• [Supplied information]

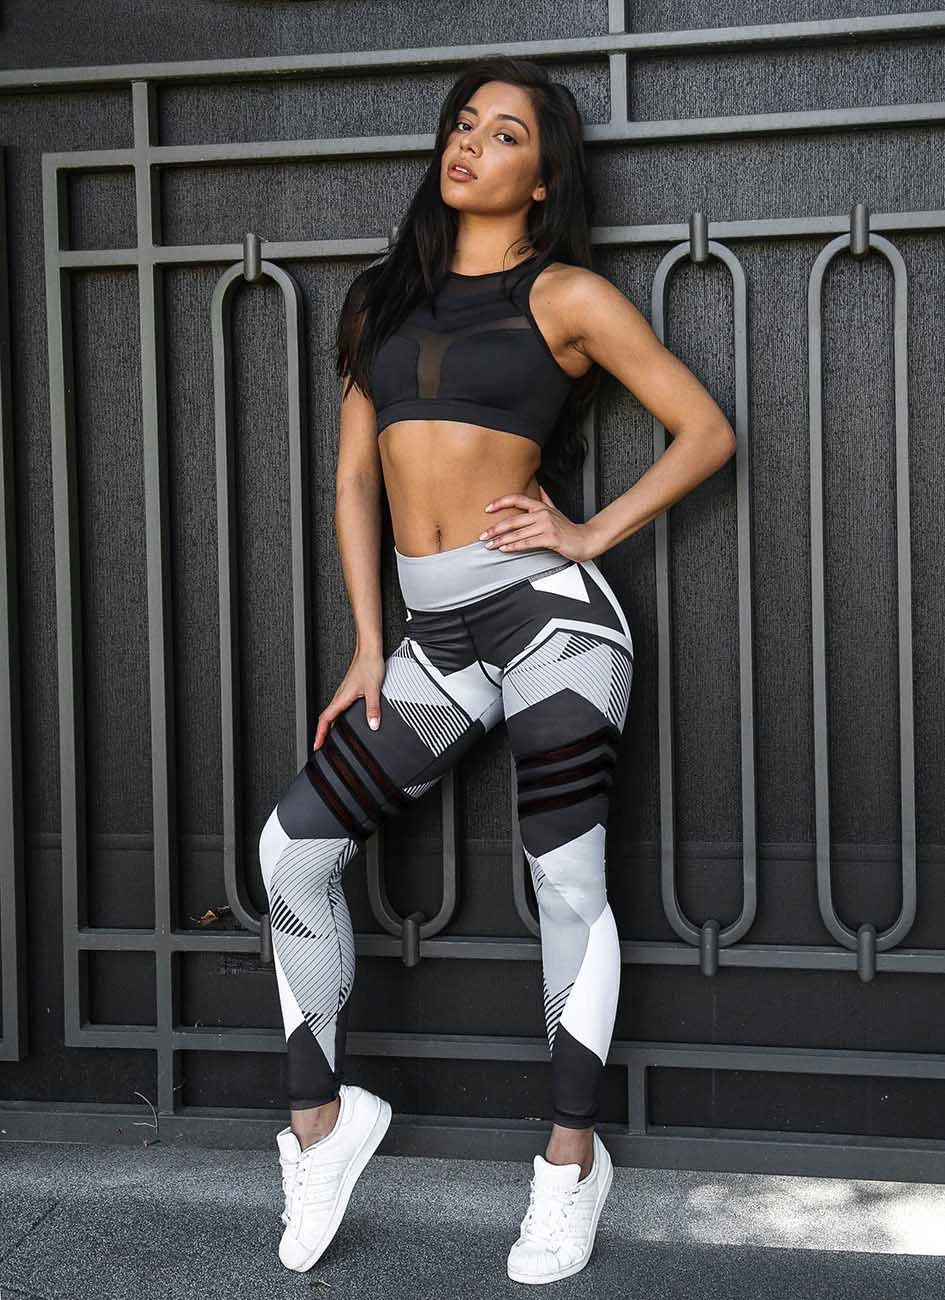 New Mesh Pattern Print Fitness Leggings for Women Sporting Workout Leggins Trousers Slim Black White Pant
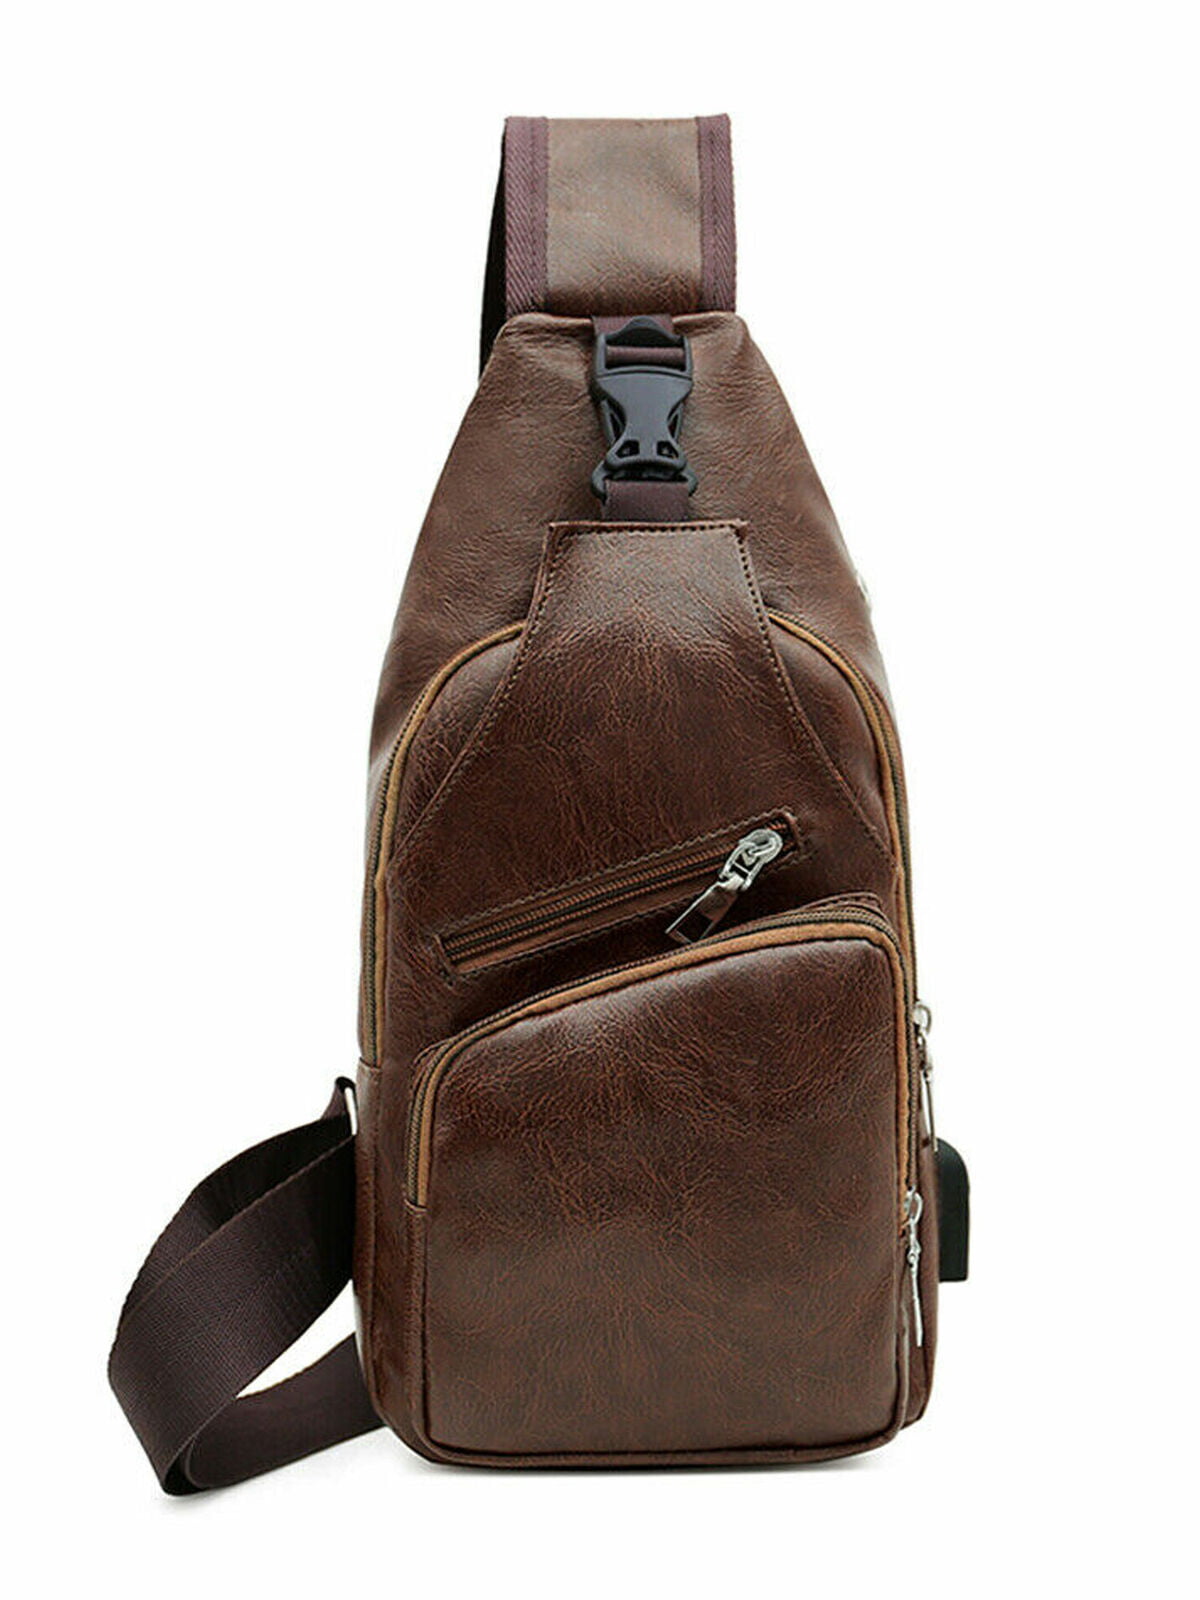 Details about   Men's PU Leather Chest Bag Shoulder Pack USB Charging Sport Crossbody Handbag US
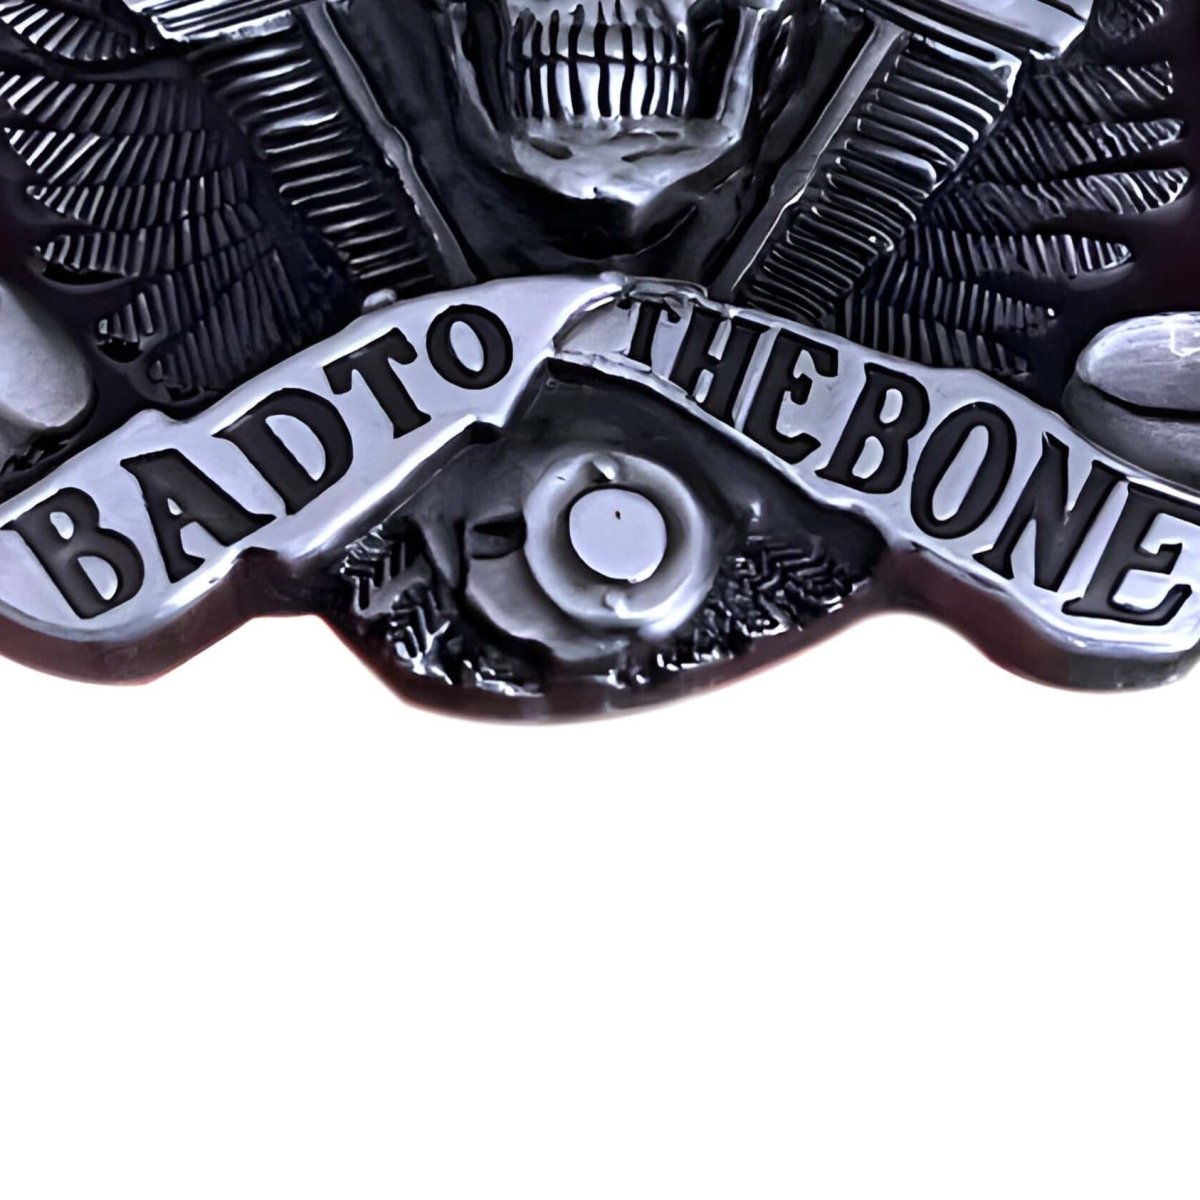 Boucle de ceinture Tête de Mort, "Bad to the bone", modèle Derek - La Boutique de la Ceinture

• [Instructions to follow]
Repeat every line of the data above exactly, but drop the pictures.

• [Answer]
 New Mesh Pattern Print Fitness Leggings for Women Sporting Workout Leggins Trousers Slim Black White Pant
 Details about   Men's PU Leather Chest Bag Shoulder Pack USB Charging Sport Crossbody Handbag US
 Boucle de ceinture Tête de Mort, "Bad to the bone", modèle Derek - La Boutique de la Ceinture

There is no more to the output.